The hub is the initiative of the World Health Organization (WHO) and the Medicines Patent Pool (MPP). Spurred by the failure of high-income countries to share their COVID-19 vaccines at a time of extreme need, the WHO and MPP selected a South African consortium comprising biopharmaceutical company Afrigen Biologics, vaccine producer Biovac and the SA Medicines and Research Council, as its partner to kickstart a facility capable of developing and producing mRNA vaccines in a LMIC.
Once this was done, they were to teach other facilities in LMICs across the world how to do the same.
The mRNA programme currently includes the South African consortium and 14 other LMIC-based partners.
Championing voluntary IP transfer
But how the hub is governed and operates does not sufficiently transfer power and capacity to LMICs, the authors contend.

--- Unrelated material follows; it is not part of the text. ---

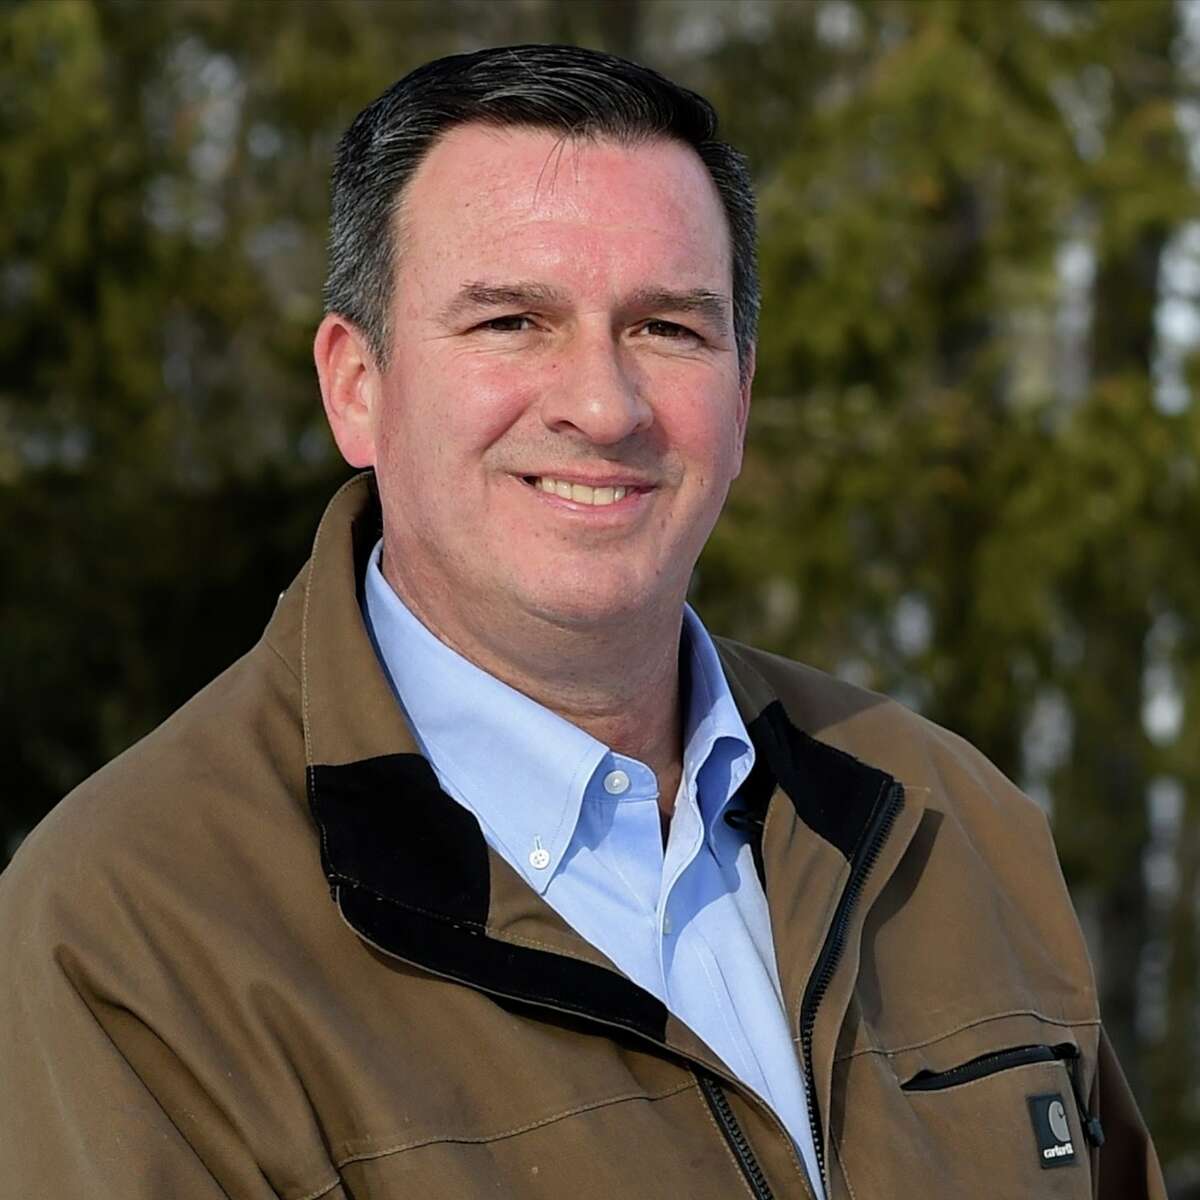 Rich Amedure, a retired state trooper, is the GOP candidate for the 46th state Senate District.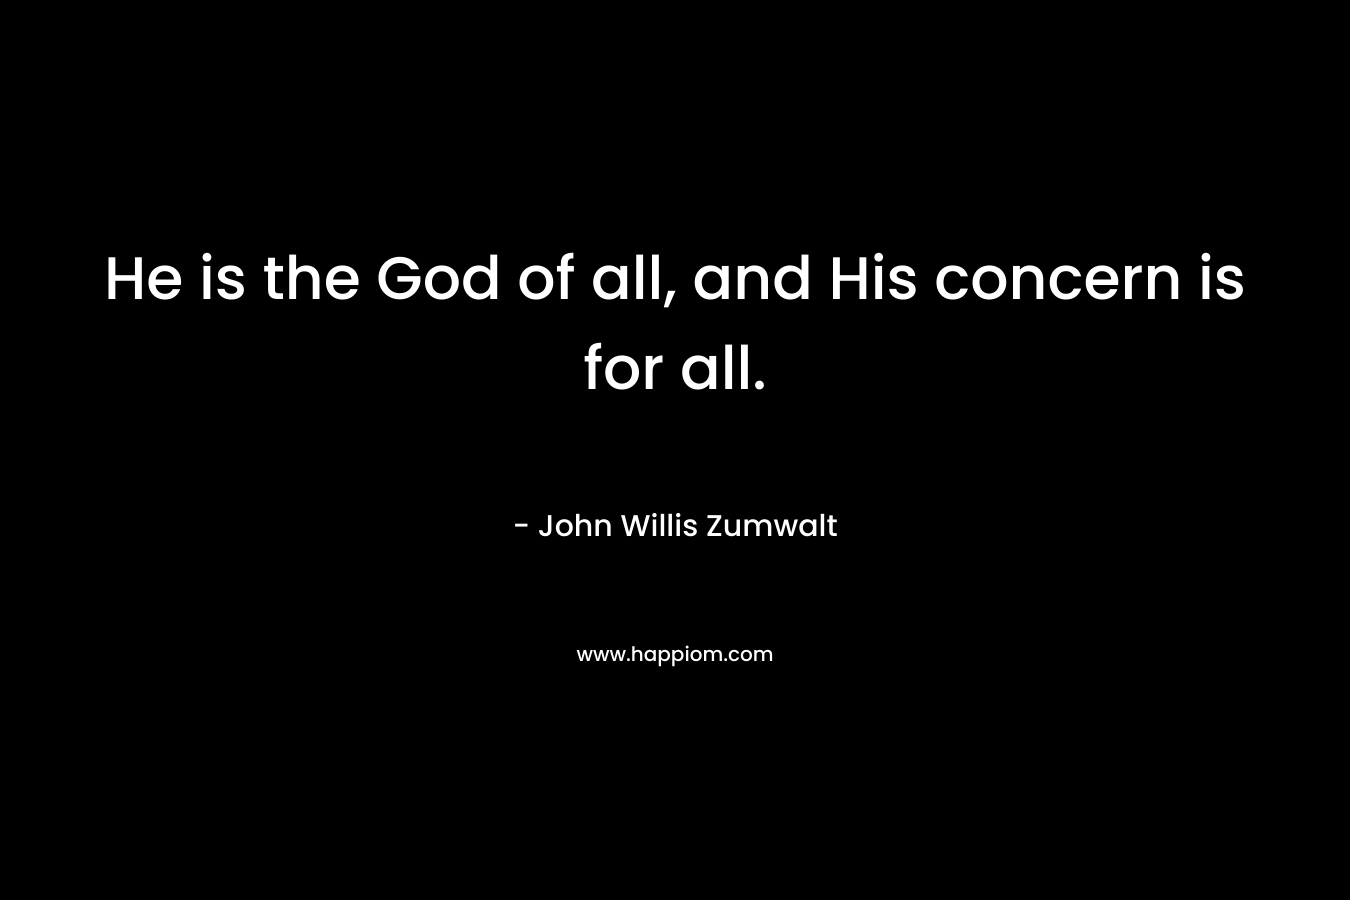 He is the God of all, and His concern is for all. – John Willis Zumwalt

“The architects of the programme are working within the existing system of biopharmaceutical production and, at the same time, preserving their control over the programme’s design and preferred measures meant to remedy shortfalls inequitable access to mRNA-based interventions,” they argue.
“In particular, MPP continues to champion voluntary [intellectual property] licensing as the optimal means to improve local production capacity in LMICs even though that mechanism did not attract collaboration from more established mRNA manufacturers in the context of COVID-19 and slowed adoption of a more transformative end-to-end approach to R&D and manufacturing.”
They also argue that the “technological outcomes” of the programme are uncertain unless there is “significant reform and concerted effort to redistribute not just IP, but agency to LMIC actors”.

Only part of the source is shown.